=== RECORDS TO USE ===

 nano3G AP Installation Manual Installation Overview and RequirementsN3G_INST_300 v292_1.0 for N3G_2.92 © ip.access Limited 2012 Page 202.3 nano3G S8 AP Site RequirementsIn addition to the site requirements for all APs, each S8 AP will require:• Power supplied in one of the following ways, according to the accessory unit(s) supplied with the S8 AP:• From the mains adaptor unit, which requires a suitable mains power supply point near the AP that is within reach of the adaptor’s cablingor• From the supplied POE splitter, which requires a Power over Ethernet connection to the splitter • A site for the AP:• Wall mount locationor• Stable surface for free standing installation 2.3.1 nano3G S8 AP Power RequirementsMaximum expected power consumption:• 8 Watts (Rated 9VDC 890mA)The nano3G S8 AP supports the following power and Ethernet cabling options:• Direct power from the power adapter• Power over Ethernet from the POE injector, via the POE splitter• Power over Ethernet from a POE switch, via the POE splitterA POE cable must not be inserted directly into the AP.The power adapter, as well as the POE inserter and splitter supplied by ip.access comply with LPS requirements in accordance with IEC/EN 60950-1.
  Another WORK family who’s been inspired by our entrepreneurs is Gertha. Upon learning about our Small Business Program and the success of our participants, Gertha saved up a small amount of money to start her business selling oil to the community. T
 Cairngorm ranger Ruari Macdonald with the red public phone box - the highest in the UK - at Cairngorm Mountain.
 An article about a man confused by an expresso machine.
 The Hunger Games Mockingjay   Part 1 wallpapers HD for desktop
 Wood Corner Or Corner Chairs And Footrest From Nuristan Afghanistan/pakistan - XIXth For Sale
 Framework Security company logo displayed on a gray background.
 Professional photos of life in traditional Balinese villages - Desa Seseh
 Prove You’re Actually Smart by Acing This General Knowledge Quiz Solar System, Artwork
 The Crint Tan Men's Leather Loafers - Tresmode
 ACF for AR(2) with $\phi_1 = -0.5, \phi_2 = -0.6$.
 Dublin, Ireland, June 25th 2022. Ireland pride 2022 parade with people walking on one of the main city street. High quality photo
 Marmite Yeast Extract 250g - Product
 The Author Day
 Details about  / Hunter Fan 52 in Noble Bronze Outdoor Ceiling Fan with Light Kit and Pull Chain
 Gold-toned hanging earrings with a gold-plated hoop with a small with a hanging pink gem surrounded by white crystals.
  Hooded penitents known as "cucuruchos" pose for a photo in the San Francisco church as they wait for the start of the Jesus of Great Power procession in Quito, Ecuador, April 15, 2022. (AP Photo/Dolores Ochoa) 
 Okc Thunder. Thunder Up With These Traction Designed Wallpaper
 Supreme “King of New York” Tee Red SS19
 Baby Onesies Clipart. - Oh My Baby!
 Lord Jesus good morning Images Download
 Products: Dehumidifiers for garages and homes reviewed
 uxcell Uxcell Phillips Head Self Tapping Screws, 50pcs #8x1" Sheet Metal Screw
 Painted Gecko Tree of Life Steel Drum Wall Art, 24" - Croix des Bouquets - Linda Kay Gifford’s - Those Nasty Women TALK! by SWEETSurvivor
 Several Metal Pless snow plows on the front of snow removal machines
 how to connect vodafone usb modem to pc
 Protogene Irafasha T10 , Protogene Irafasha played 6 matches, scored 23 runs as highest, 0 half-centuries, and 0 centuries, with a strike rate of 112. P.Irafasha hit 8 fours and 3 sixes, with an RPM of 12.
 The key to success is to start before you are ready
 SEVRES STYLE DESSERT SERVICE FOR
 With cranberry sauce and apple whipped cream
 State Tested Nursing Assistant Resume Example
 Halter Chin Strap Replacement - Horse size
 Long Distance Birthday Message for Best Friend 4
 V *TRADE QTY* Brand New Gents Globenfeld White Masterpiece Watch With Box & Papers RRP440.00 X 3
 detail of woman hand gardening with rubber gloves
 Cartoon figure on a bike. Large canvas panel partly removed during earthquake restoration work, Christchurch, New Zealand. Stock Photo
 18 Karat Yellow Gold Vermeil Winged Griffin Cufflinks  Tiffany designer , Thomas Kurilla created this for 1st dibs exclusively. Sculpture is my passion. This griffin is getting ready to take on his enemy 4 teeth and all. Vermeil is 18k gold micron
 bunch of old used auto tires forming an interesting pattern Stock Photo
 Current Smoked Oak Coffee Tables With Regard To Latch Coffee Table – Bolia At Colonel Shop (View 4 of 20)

===

▸ **WHAT IS REQUIRED**
Read the entries and show each line that mentions "highest".

▸ **RESPONSE TO THE TASK**
 Cairngorm ranger Ruari Macdonald with the red public phone box - the highest in the UK - at Cairngorm Mountain.
 Protogene Irafasha T10 , Protogene Irafasha played 6 matches, scored 23 runs as highest, 0 half-centuries, and 0 centuries, with a strike rate of 112. P.Irafasha hit 8 fours and 3 sixes, with an RPM of 12.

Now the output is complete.